Records from a data source
• • • • • • •

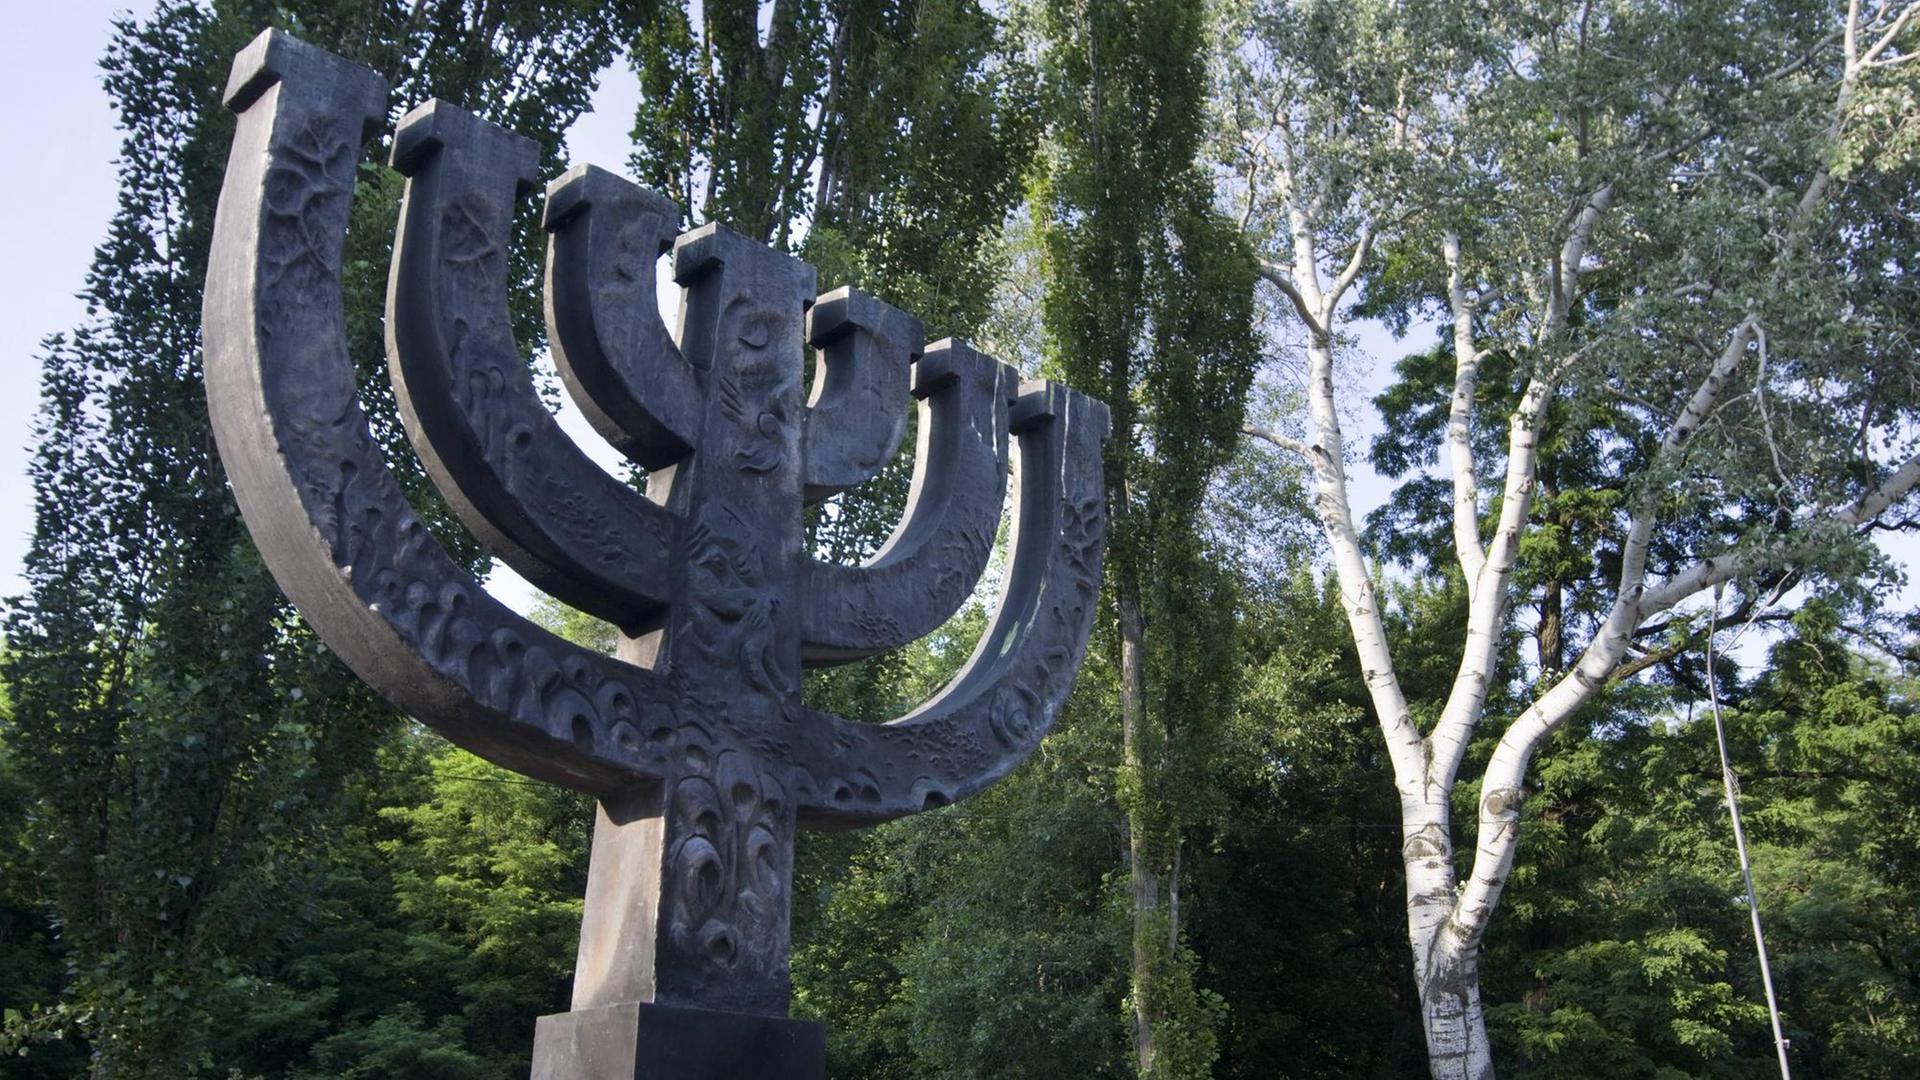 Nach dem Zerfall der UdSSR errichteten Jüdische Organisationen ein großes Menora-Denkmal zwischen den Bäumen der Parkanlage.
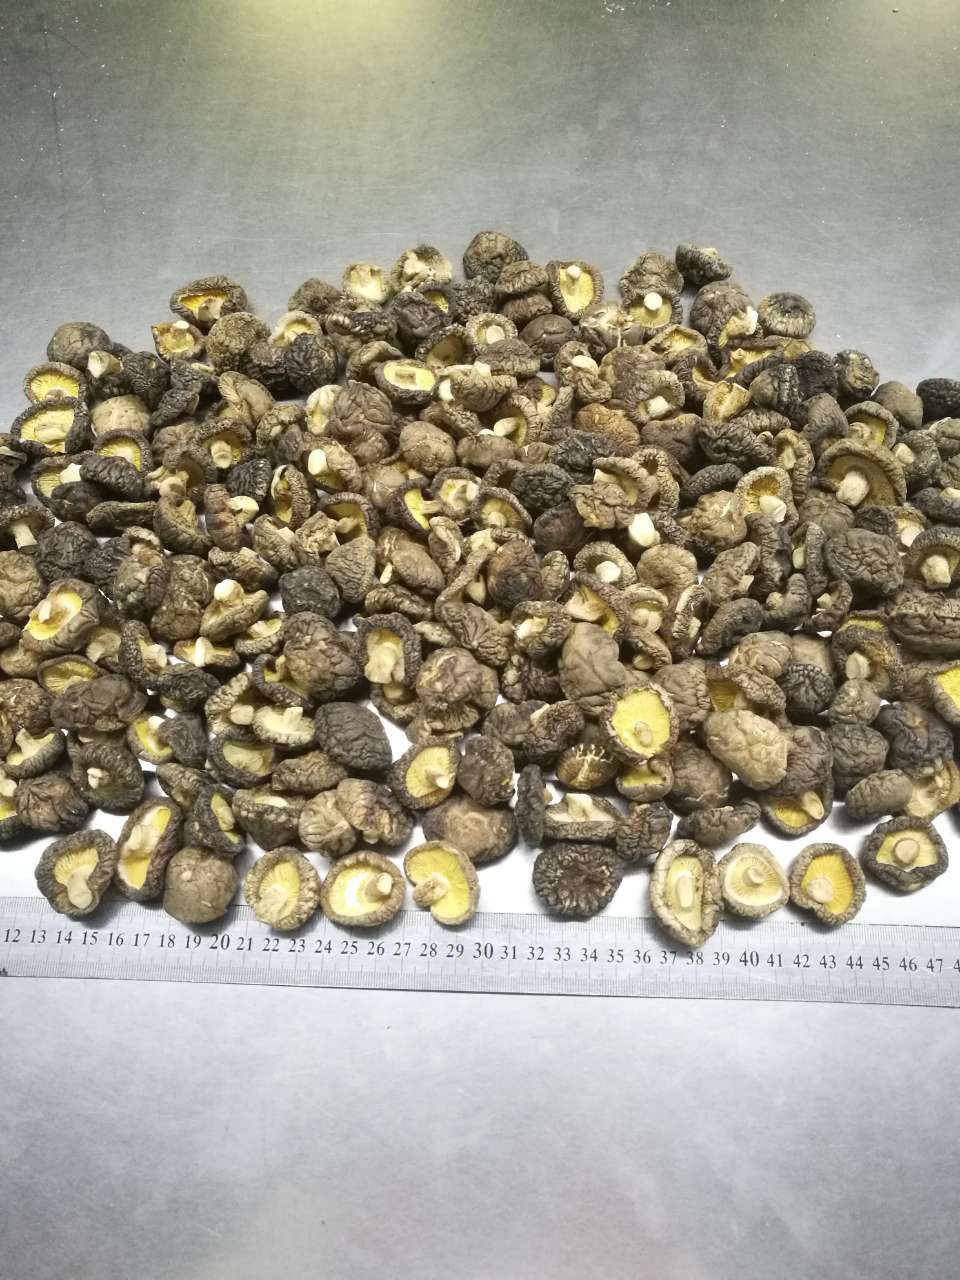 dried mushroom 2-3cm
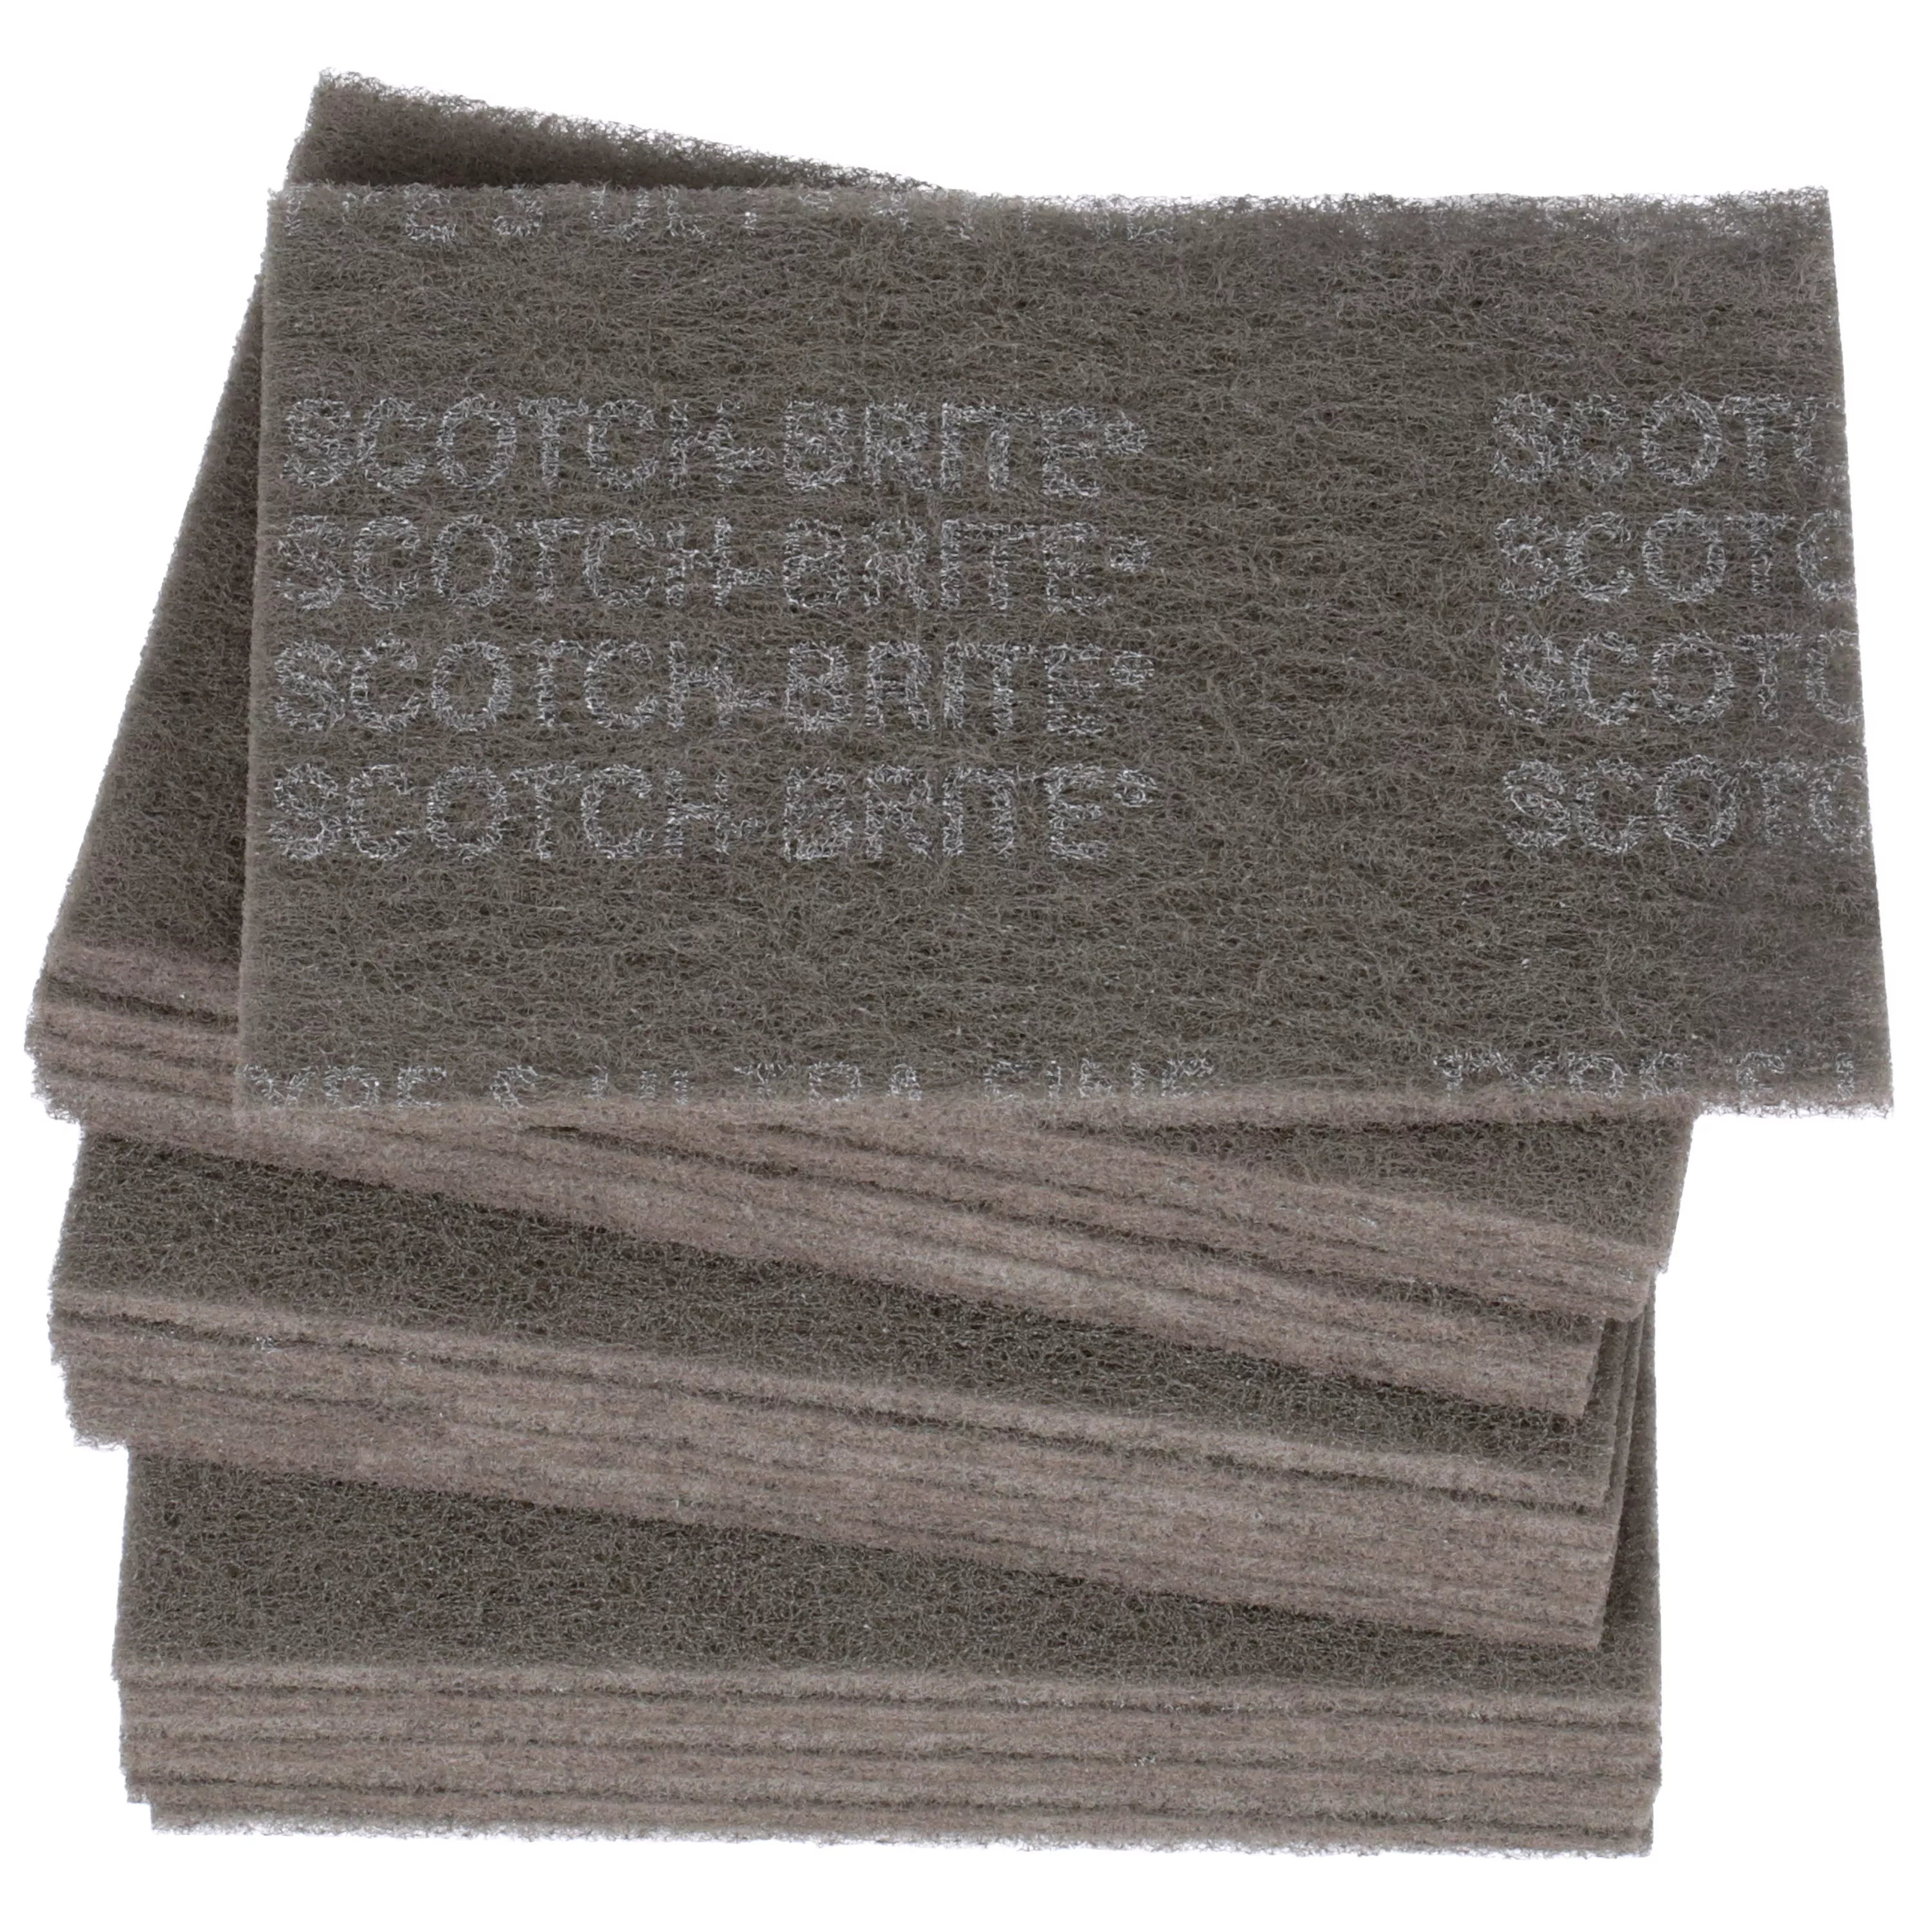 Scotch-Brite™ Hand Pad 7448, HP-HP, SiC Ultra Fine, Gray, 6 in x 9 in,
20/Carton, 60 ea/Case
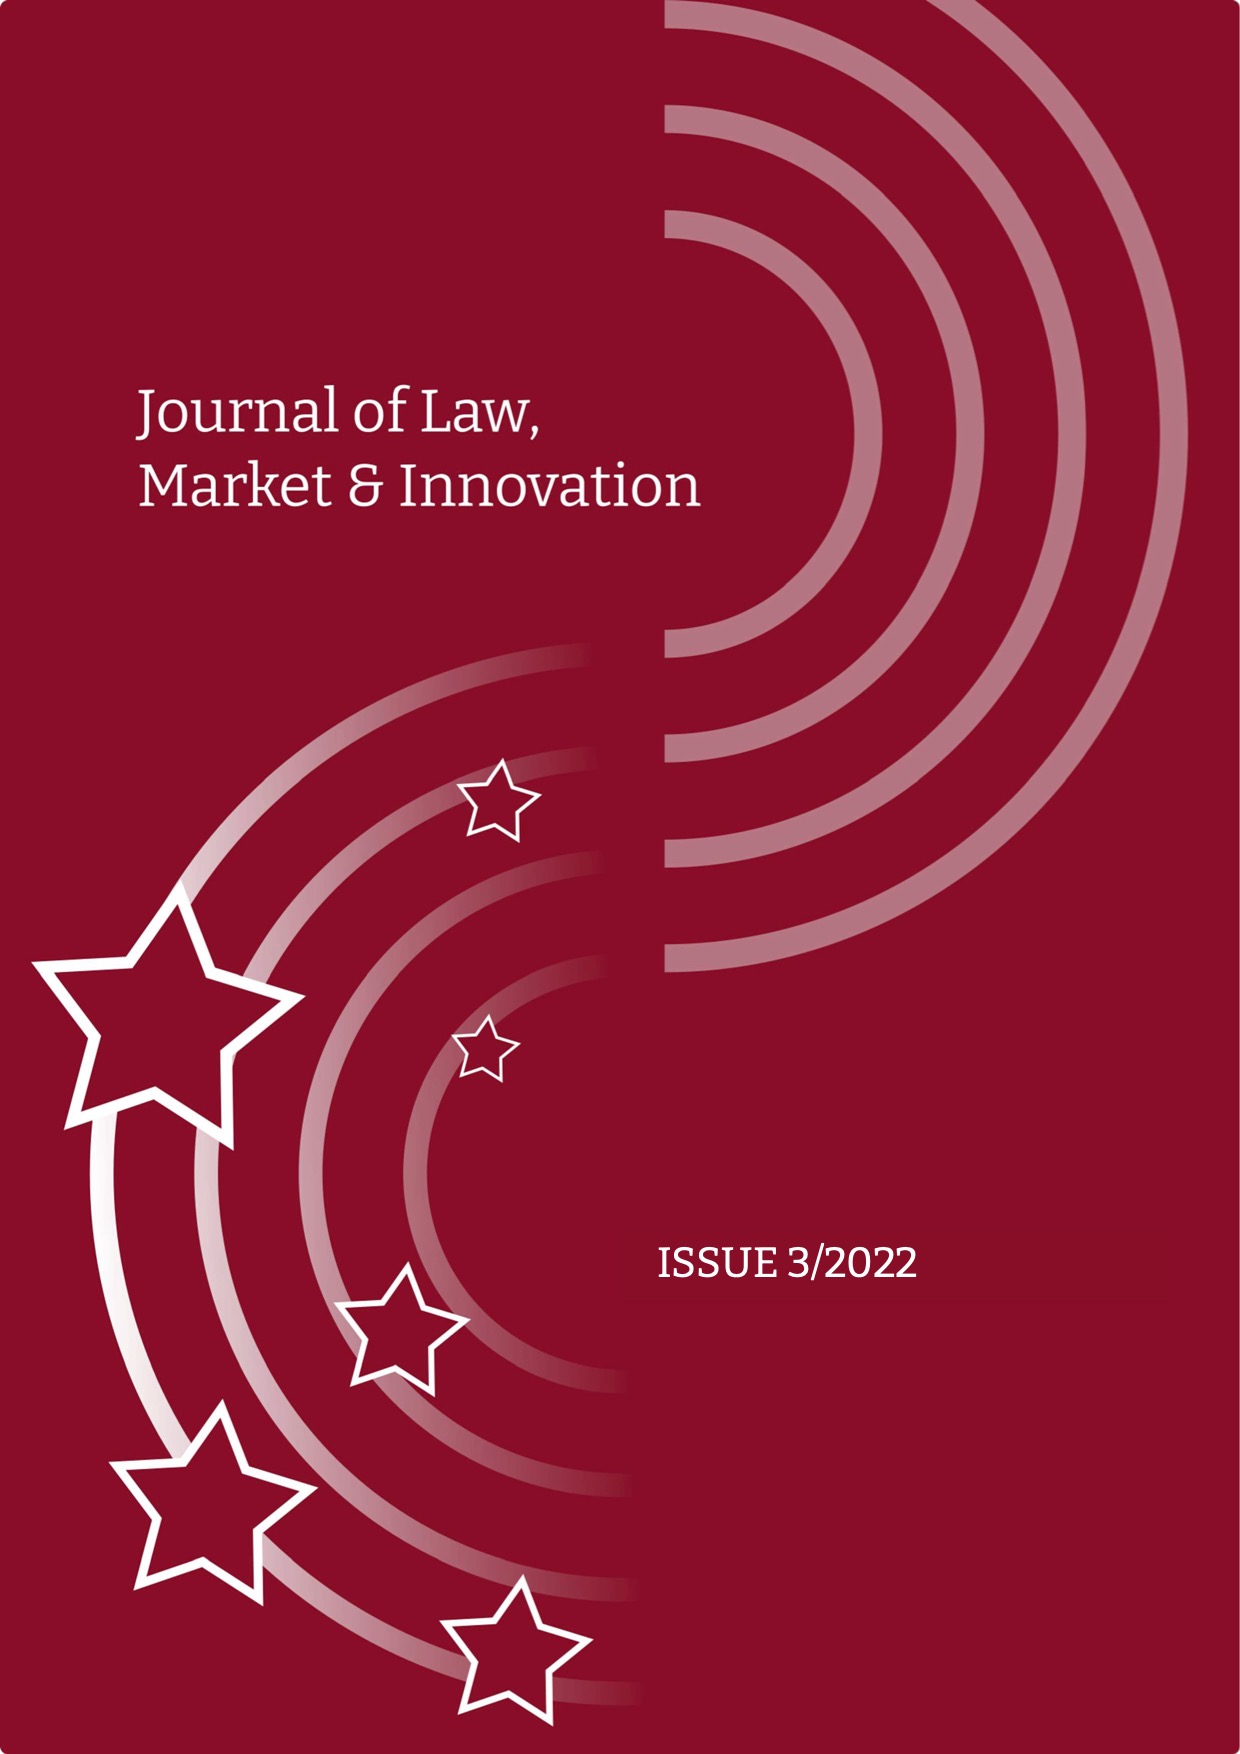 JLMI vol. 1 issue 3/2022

• • • • • • •

» TASK OBJECTIVE
An exact copy of all entries is needed, with no pictures in it.

» RESPONSE AREA
 Nach dem Zerfall der UdSSR errichteten Jüdische Organisationen ein großes Menora-Denkmal zwischen den Bäumen der Parkanlage.
 dried mushroom 2-3cm
 Scotch-Brite™ Hand Pad 7448, HP-HP, SiC Ultra Fine, Gray, 6 in x 9 in,
20/Carton, 60 ea/Case
 JLMI vol. 1 issue 3/2022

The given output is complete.